O céu desagrada-me . Em certos momentos faz-me sofrer e então não posso sequer enxergar pois não sei como vingar-me e feri-lo .
Sinto-me irmão dos Citas que lançavam suas flechas contra o sol e as nuvens , em suma , para ser franco , ao menos comigo próprio , odeio o céu e com a pior espécie de ódio , o ódio impotente .
Não que ame demasiadamente a Terra . A Terra é exígua , suja , monótona e povoada mais do que o necessário , de pequenos pedaços de barro falante que a desfiguram e a tornam mais repugnante ainda mas aqui sentimo-nos em nossa casa , senhores para desfazer e fazer , para nos movermos à vontade , talvez possamos fazer-nos obedecer pela Terra ; consegue-se dominá-la aqui e ali como queremos , obter trigo onde haviam charcos ou pedras , criar rios artificiais , abater montanhas , separar continentes .

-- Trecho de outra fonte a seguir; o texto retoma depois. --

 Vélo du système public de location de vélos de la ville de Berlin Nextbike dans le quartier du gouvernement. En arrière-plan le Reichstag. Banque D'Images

O céu , porém , está distante , afastado , é imodificável , hostil , não temos poder sobre o céu , mesmo as camadas mais baixas da atmosfera são independentes do nosso domínio .
É preciso suportar o vento que sopra , esperar o beneplácito da chuva , sofrer semanas e meses da serenidade tórrida , nada sabemos fazer contra as tempestades , quando muito conseguimos atrair de vez em quando algum raio .

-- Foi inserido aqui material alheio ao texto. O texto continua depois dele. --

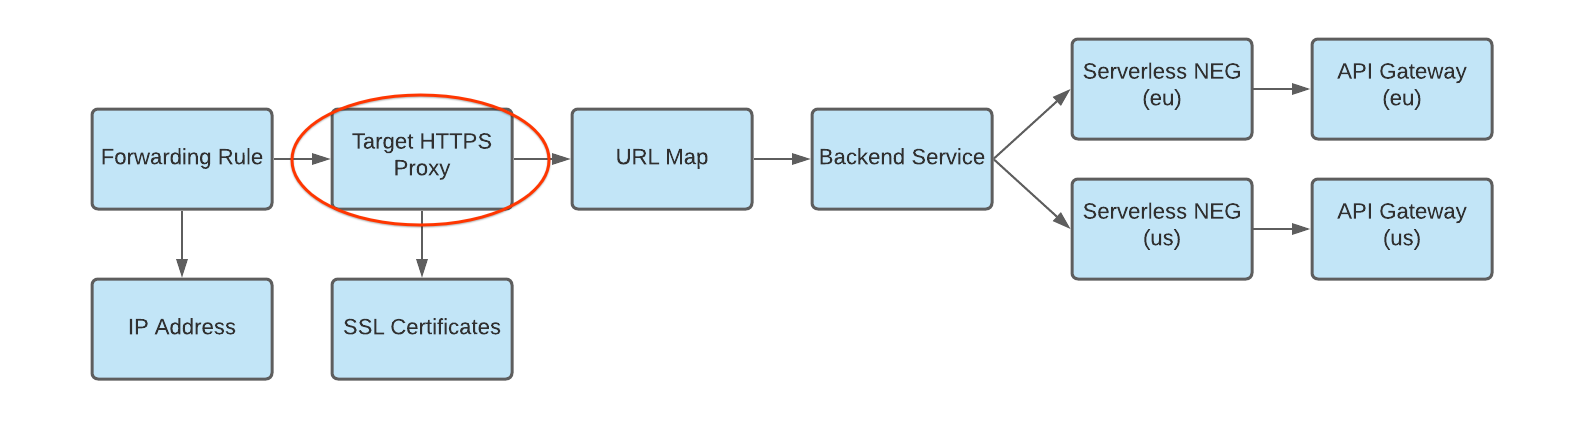 Diagramm von HTTP-Proxy zu URL-Zuordnung

Nem o dirigível nem o aeroplanos diminuíram a nossa impotência contra o céu inferior , podemos correr pelos ares , estamos porém à mercê dos furacões , dos tufões , dos redemoinhos , da névoa , e conseguimos elevar-nos a parcas alturas .
Mas o que odeio mais ferozmente , é o céu superior , é o firmamento . Tolero o sol bestial com o seu rosto de fogo cheio de manchas , por causa de sua utilidade mas à noite , as estrelas !! O infinito não me atemoriza , desagrada-me e ofende-me .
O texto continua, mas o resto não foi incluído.